Brent drops as OPEC+ decision reflects weak oil demand
The front-month ICE Brent contract has declined by $0.76/bbl on the day, to trade at $71.75/bbl at 09.00 GMT.
PHOTO: Oil pumpjacks and a pipeline. Getty Images
Upward pressure:
OPEC’s latest decision to extend oil output cuts by another three months until the end of March 2025 has lent support to Brent price.
The Saudi-led coalition had previously planned to gradually unwind the 2.2 million b/d cuts starting January 2025, with monthly production increases of 180,000 b/d.
“OPEC+, as expected, decided to delay, for a third time until April, a planned gradual increase in production,” market analysts at Saxo Bank said.
In addition to a further delay in unwinding supply cuts, OPEC+ members will bring this supply back at a slower pace. The unwinding of the voluntary production cut will take place on a monthly basis until the end of September 2026.
“The gradual increase by pack probably comes along with some promises from OPEC over producers to continue to make compensation cuts,” Price Futures Group’s senior market analyst Phil Flynn remarked.
OPEC+ is responsible for about half of the world's oil output, Reuters reports.
Downward pressure:
Despite its alignment with market fundamentals, OPEC's decision to extend cuts has weighed on Brent crude’s price.

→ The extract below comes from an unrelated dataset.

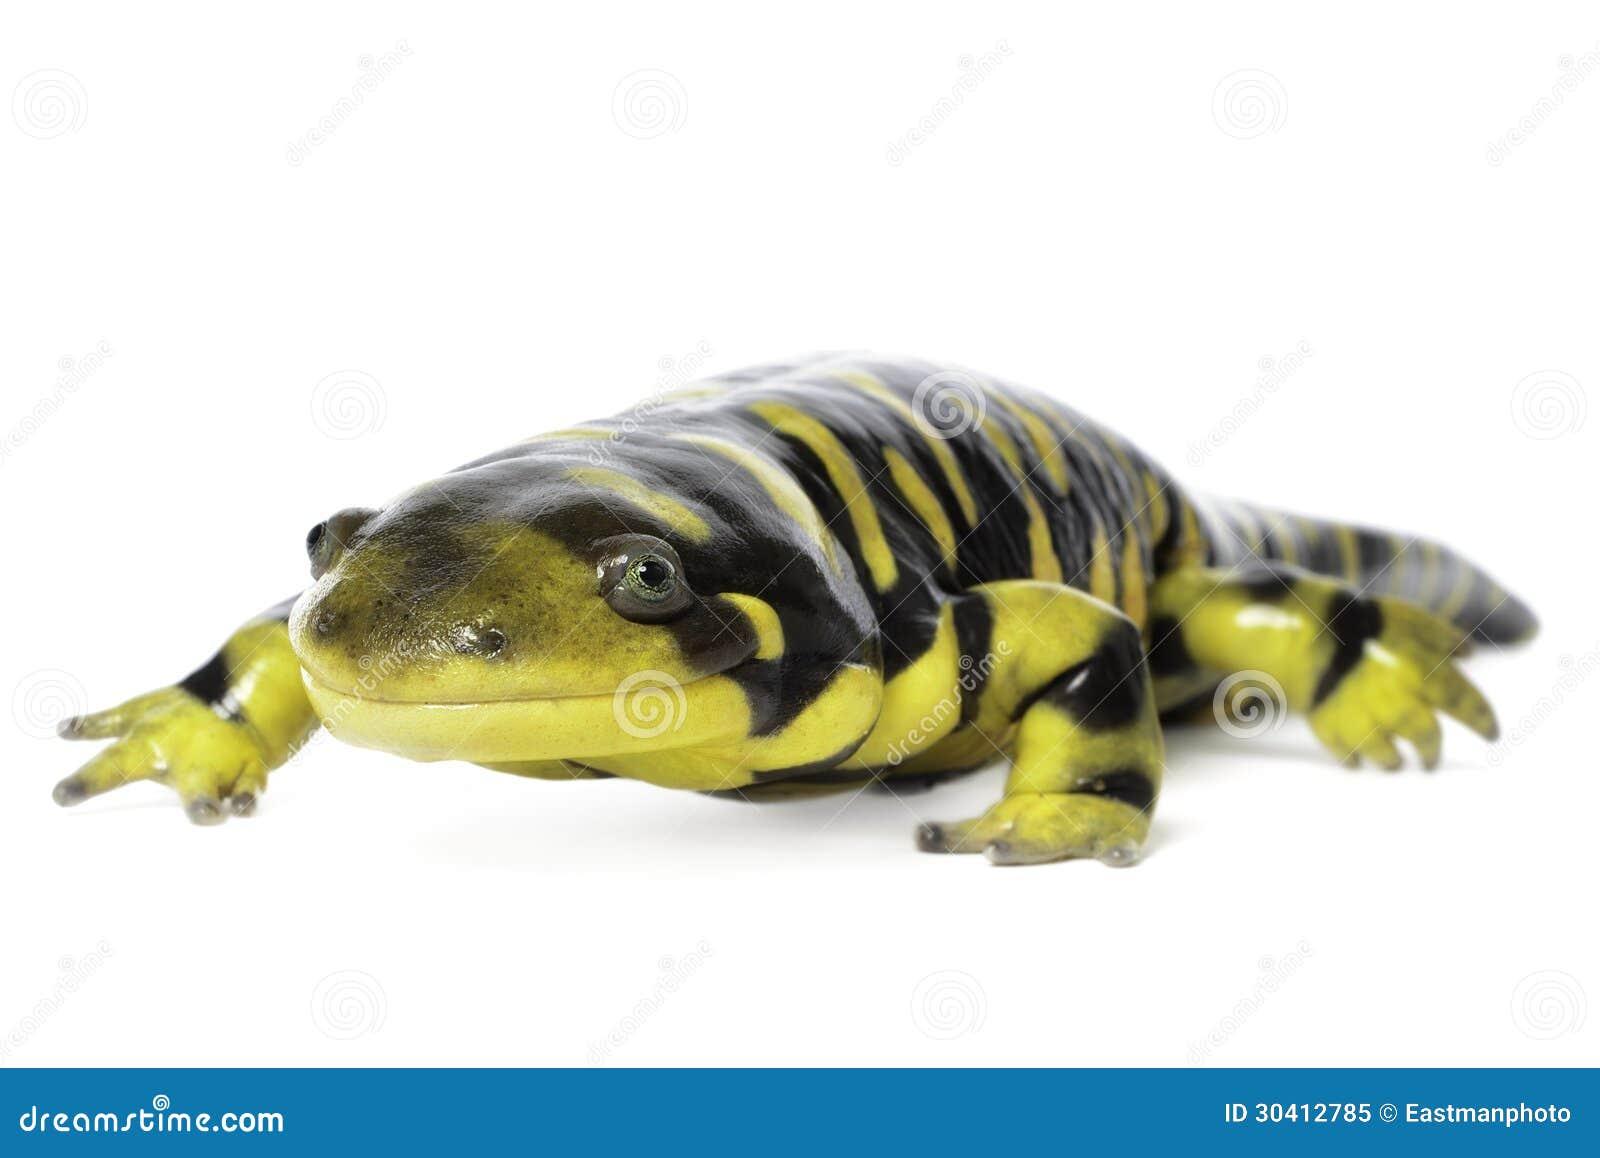 salamander white background - photo #39

This move reflects OPEC's cautious outlook on 2025 demand growth and concerns over increased output from non-OPEC producers.
“Once again, major oil producers have deferred plans to ramp up production, reacting to a stagnant market grappling with sluggish global demand and heightened output from other regions,” SPI Asset Management’s managing partner Stephen Innes said.
The oil market is grappling with a demand slowdown in China, the world’s second-largest oil consumer.
Chinese state-owned refineries including Sinopec, PetroChina, and Sinochem, plan to lower crude throughput in December to produce about 39.28 million mt. The daily crude throughput is expected to be roughly around 1.3 million mt (9.33 million b/d), a drop of nearly 3% from November, according to market intelligence provider JLC.